The heat and pressure of the melting reactors, caused a reaction between the nuclear fuel metal cladding and the remaining water producing explosive hydrogen gas. As workers struggled to cool and shut down the reactors, several hydrogen-air chemical explosions occurred. Concerns about the repeated small explosions, the atmospheric venting of radioactive gasses, and the possibility of larger explosions led to a -radius evacuation around the plant. During the early days of the accident workers were temporarily evacuated at various times for radiation safety reasons. At the same time, sea water that had been exposed to the melting rods was returned to the sea heated and radioactive in large volumes for several months until recirculating units could be put in place to repeatedly cool and re-use a limited quantity of water for cooling. The earthquake damage and flooding in the wake of the tsunami hindered external assistance. Electrical power was slowly restored for some of the reactors, allowing for automated cooling.

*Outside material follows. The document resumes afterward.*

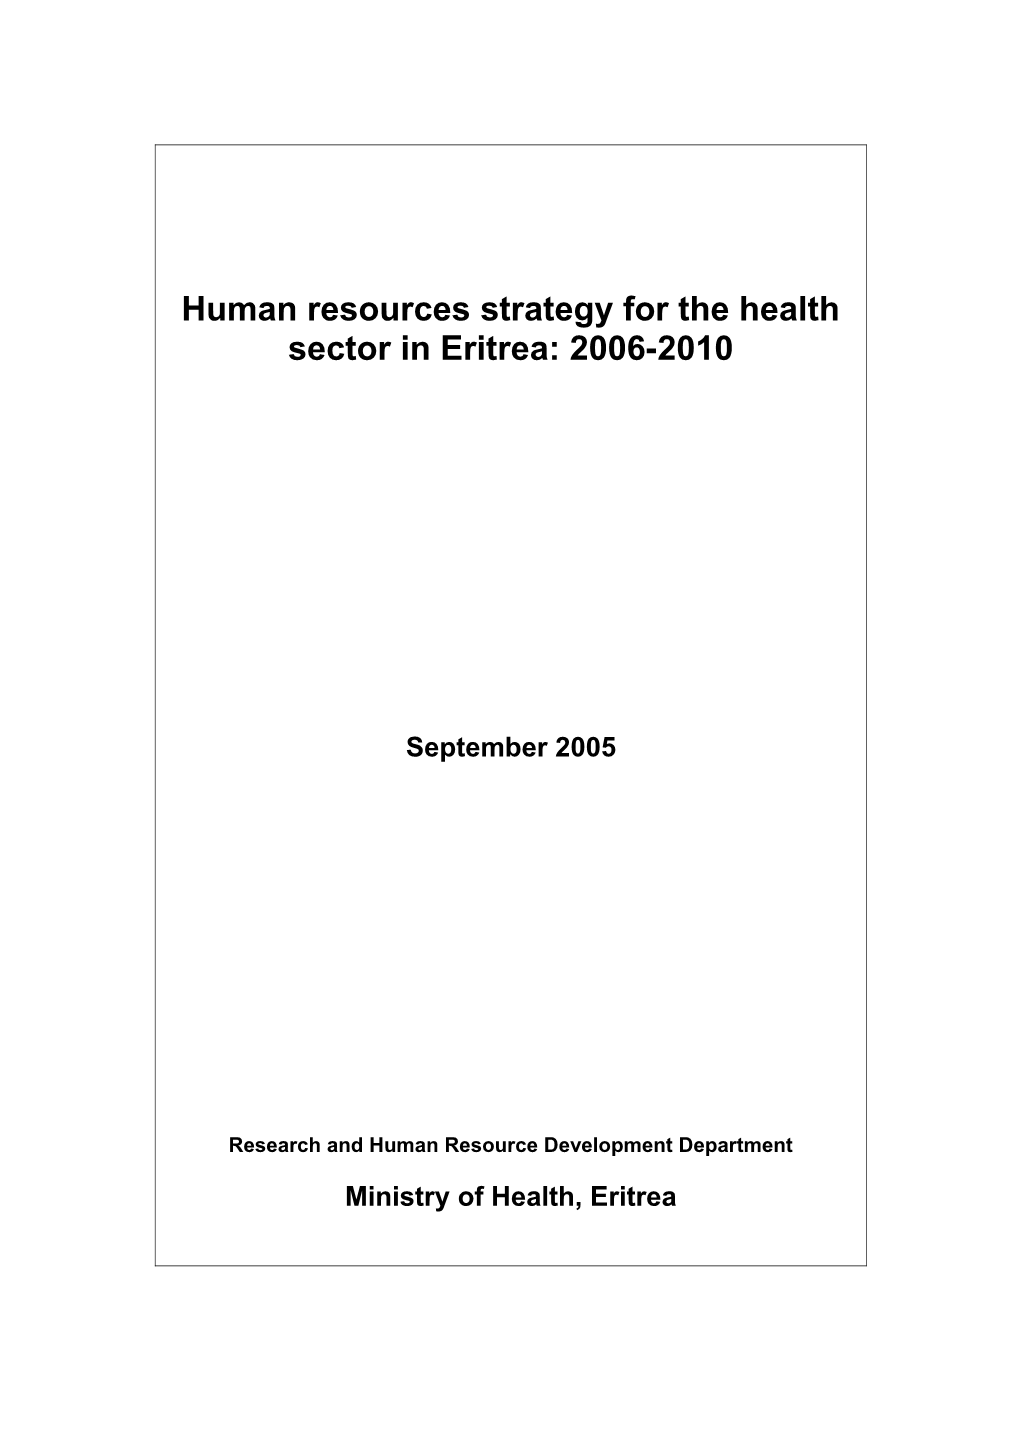 Human Resources Strategy for the Health Sector in Eritrea: 2006-2010

Japanese officials initially assessed the accident as Level 4 on the International Nuclear Event Scale (INES) despite the views of other international agencies that it should be higher. The level was later raised to 5 and eventually to 7, the maximum scale value. The Japanese government and TEPCO have been criticized in the foreign press for poor communication with the public and improvised cleanup efforts. On 20 March, the Chief Cabinet Secretary Yukio Edano announced that the plant would be decommissioned once the crisis was over.

The Japanese government estimates the total amount of radioactivity released into the atmosphere was approximately one-tenth as much as was released during the Chernobyl disaster. Significant amounts of radioactive material have also been released into ground and ocean waters. Measurements taken by the Japanese government 30–50 km from the plant showed caesium-137 levels high enough to cause concern, leading the government to ban the sale of food grown in the area. Tokyo officials temporarily recommended that tap water should not be used to prepare food for infants. In May 2012, TEPCO reported that at least 900 PBq had been released "into the atmosphere in March last year [2011] alone" although it has been said staff may have been told to lie, and give false readings to try and cover up true levels of radiation.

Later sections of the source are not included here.